### GIVEN INFORMATION
******************************
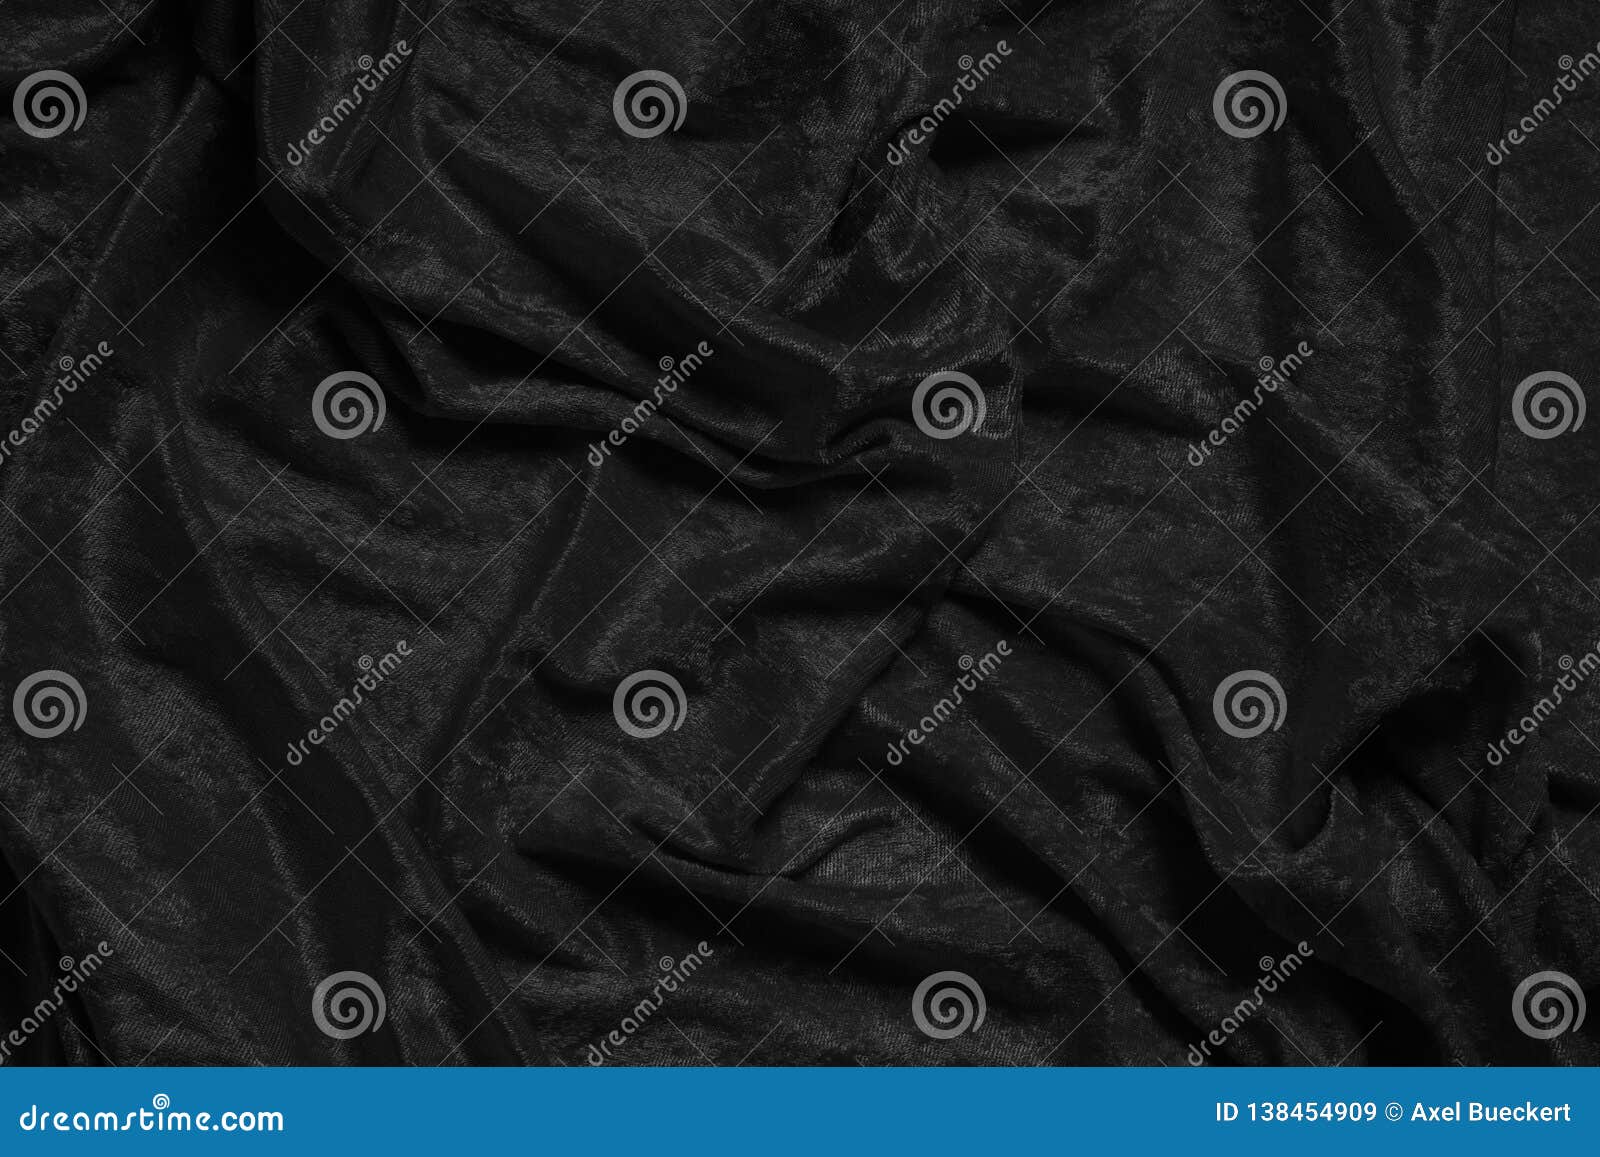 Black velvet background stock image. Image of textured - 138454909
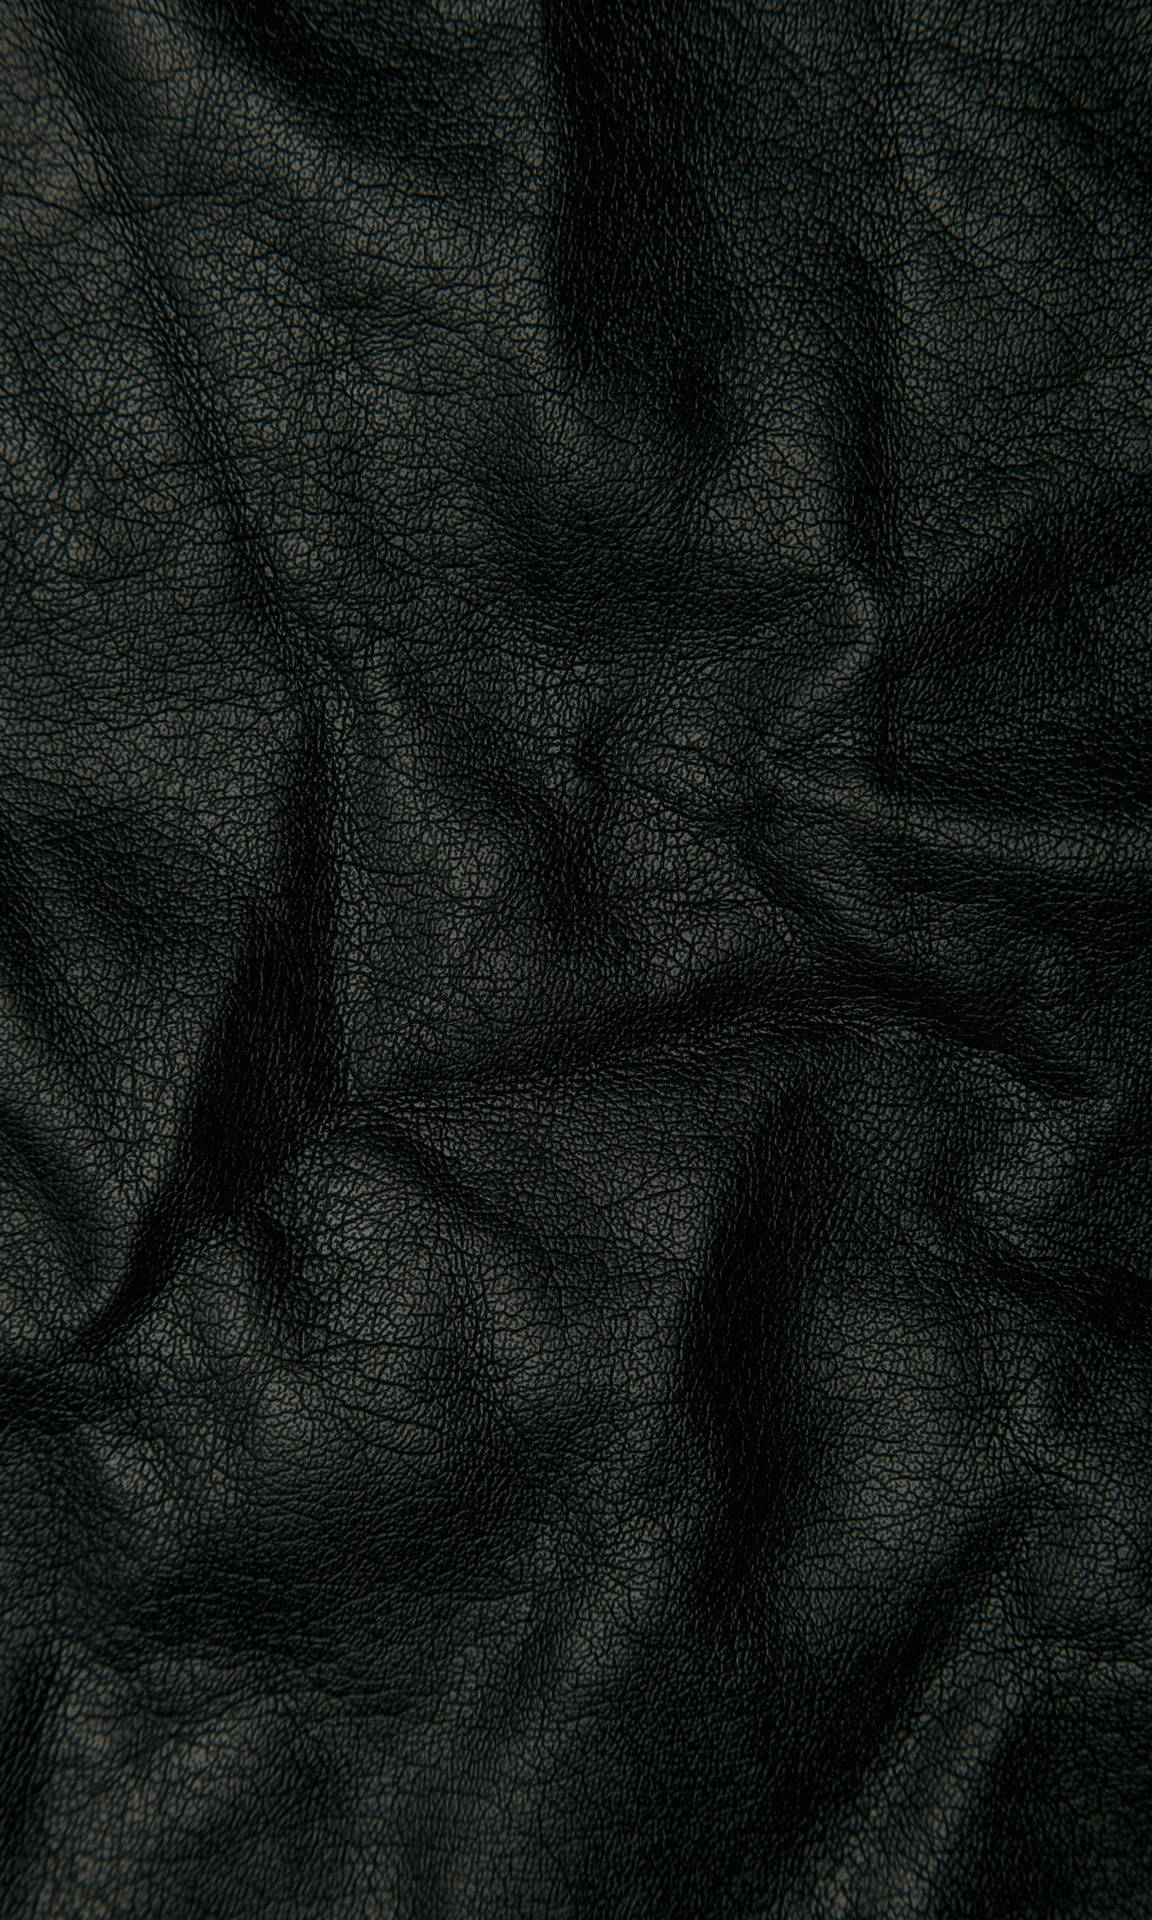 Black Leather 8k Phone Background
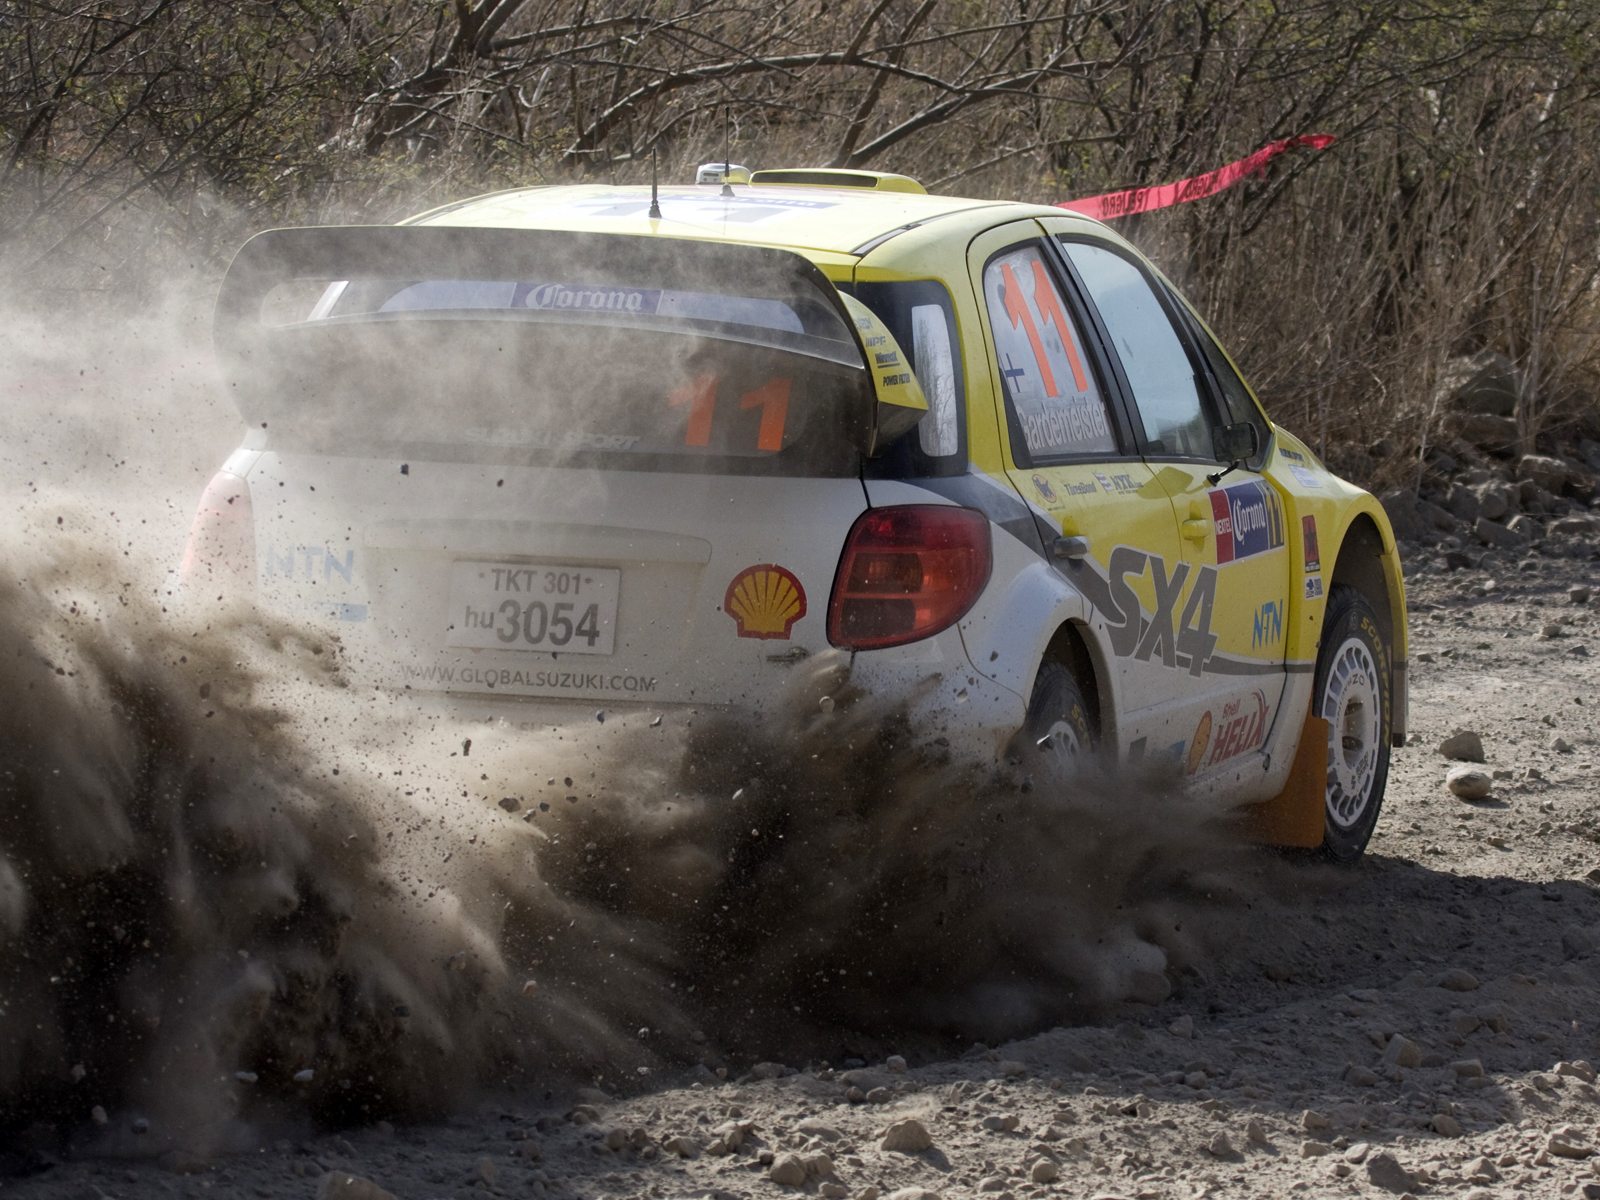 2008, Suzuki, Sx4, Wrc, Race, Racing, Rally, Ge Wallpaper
******************************
### EXERCISE DESCRIPTION
Give the data back exactly, omitting all pictures.

### THE ANSWER
 Black velvet background stock image. Image of textured - 138454909
 Black Leather 8k Phone Background
 2008, Suzuki, Sx4, Wrc, Race, Racing, Rally, Ge Wallpaper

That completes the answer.